Bug #41204
openCephFS pool usage 3x above expected value and sparse journal dumps
0%
Description
I am in the process of copying about 230 million small and medium-sized files to a CephFS and I have three active MDSs to keep up with the constant create workload induced by the copy process. Previously, I was struggling heavily with runaway MDS cache grow, which was fixable by increasing the cache trim size (see issues #41140 and #41141).
Unfortunately, another problem has emerged after a few days of copying data. ceph df detail
reports:
POOL ID STORED OBJECTS USED %USED MAX AVAIL QUOTA OBJECTS QUOTA BYTES DIRTY USED COMPR UNDER COMPR <...> cephfs.storage.data 108 44 TiB 176.13M 149 TiB 1.63 5.9 PiB N/A N/A 176.13M 0 B 0 B cephfs.storage.meta 109 174 GiB 16.44M 178 GiB 0 2.9 PiB N/A N/A 16.44M 0 B 0 B
44 TiB of stored data looks about right, but 149 TiB actual pool usage is way beyond anything I would expect. The data pool is an EC pool with k=6, m=3 (i.e. without overhead, I would expect 66 TiB overall allocation). The metadata pool is also huge with 178 GiB (the raw uncompressed file list in plaintext format is 23 GiB).
A CephFS journal dump prints the following warnings:
2019-08-12 14:27:56.881 7fd9b5587700 -1 NetHandler create_socket couldn't create socket (97) Address family not supported by protocol journal is 4444529514668~391241069 wrote 391241069 bytes at offset 4444529514668 to /var/lib/ceph/journal.bin.0 NOTE: this is a _sparse_ file; you can $ tar cSzf /var/lib/ceph/journal.bin.0.tgz /var/lib/ceph/journal.bin.0 to efficiently compress it while preserving sparseness. 2019-08-12 14:28:09.709 7fd9b4d86700 -1 NetHandler create_socket couldn't create socket (97) Address family not supported by protocol journal is 2887216998866~485120245 wrote 485120245 bytes at offset 2887216998866 to /var/lib/ceph/journal.bin.1 NOTE: this is a _sparse_ file; you can $ tar cSzf /var/lib/ceph/journal.bin.1.tgz /var/lib/ceph/journal.bin.1 to efficiently compress it while preserving sparseness. 2019-08-12 14:28:43.241 7fd9b5d88700 -1 NetHandler create_socket couldn't create socket (97) Address family not supported by protocol journal is 2839942271068~2529161124 wrote 2529161124 bytes at offset 2839942271068 to /var/lib/ceph/journal.bin.2 NOTE: this is a _sparse_ file; you can $ tar cSzf /var/lib/ceph/journal.bin.2.tgz /var/lib/ceph/journal.bin.2 to efficiently compress it while preserving sparseness.

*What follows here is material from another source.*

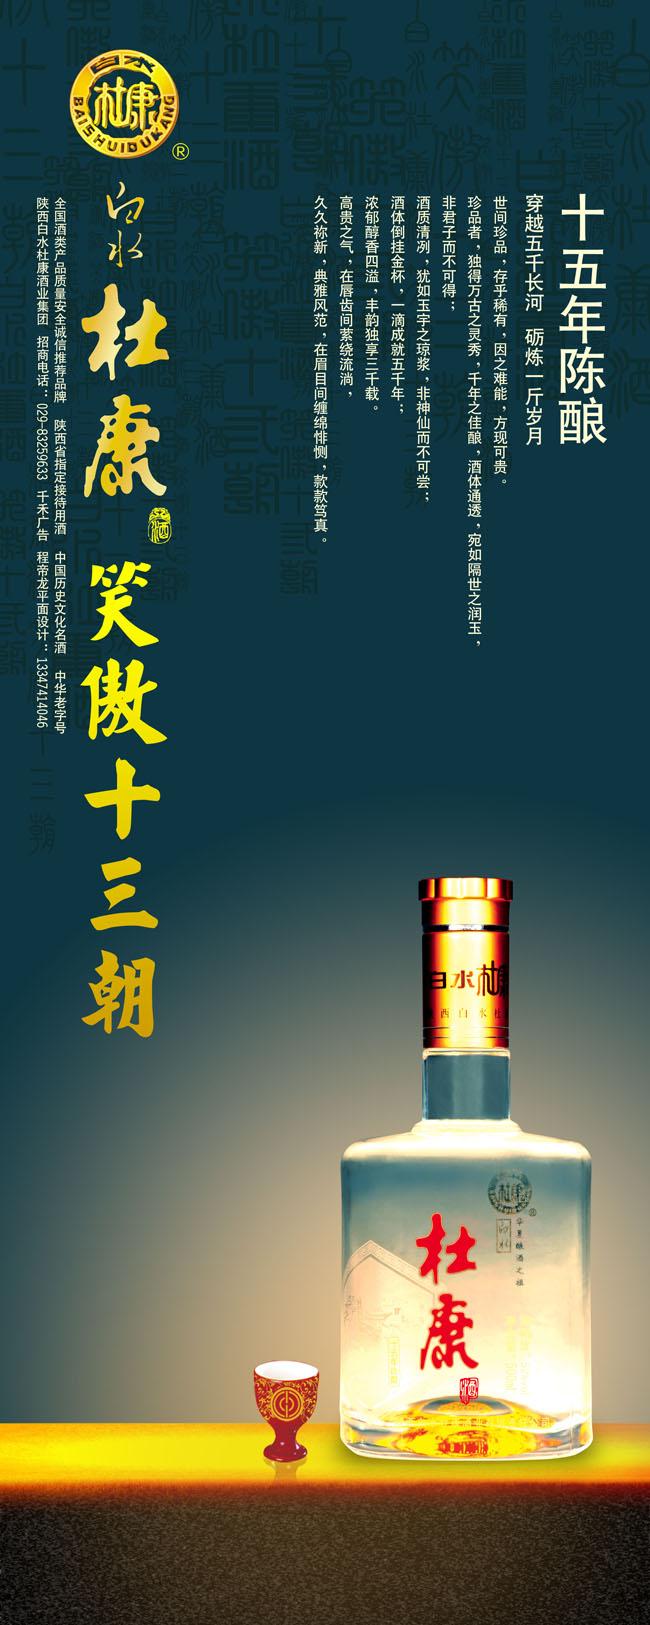 老杜康酒店展板广告psd素材  关键字: 十五年陈酿白水杜康酒业酒冲瓶

and then creates three sparse files of 4.1T, 2.7T, and 2.6T, respectively (actual sizes: 374M, 463M, 2.4G).
A discussion on IRC revealed that at least one other user has been struggling with this issue, which in their case resulted in a total loss of their FS requiring a full recovery from the data pool.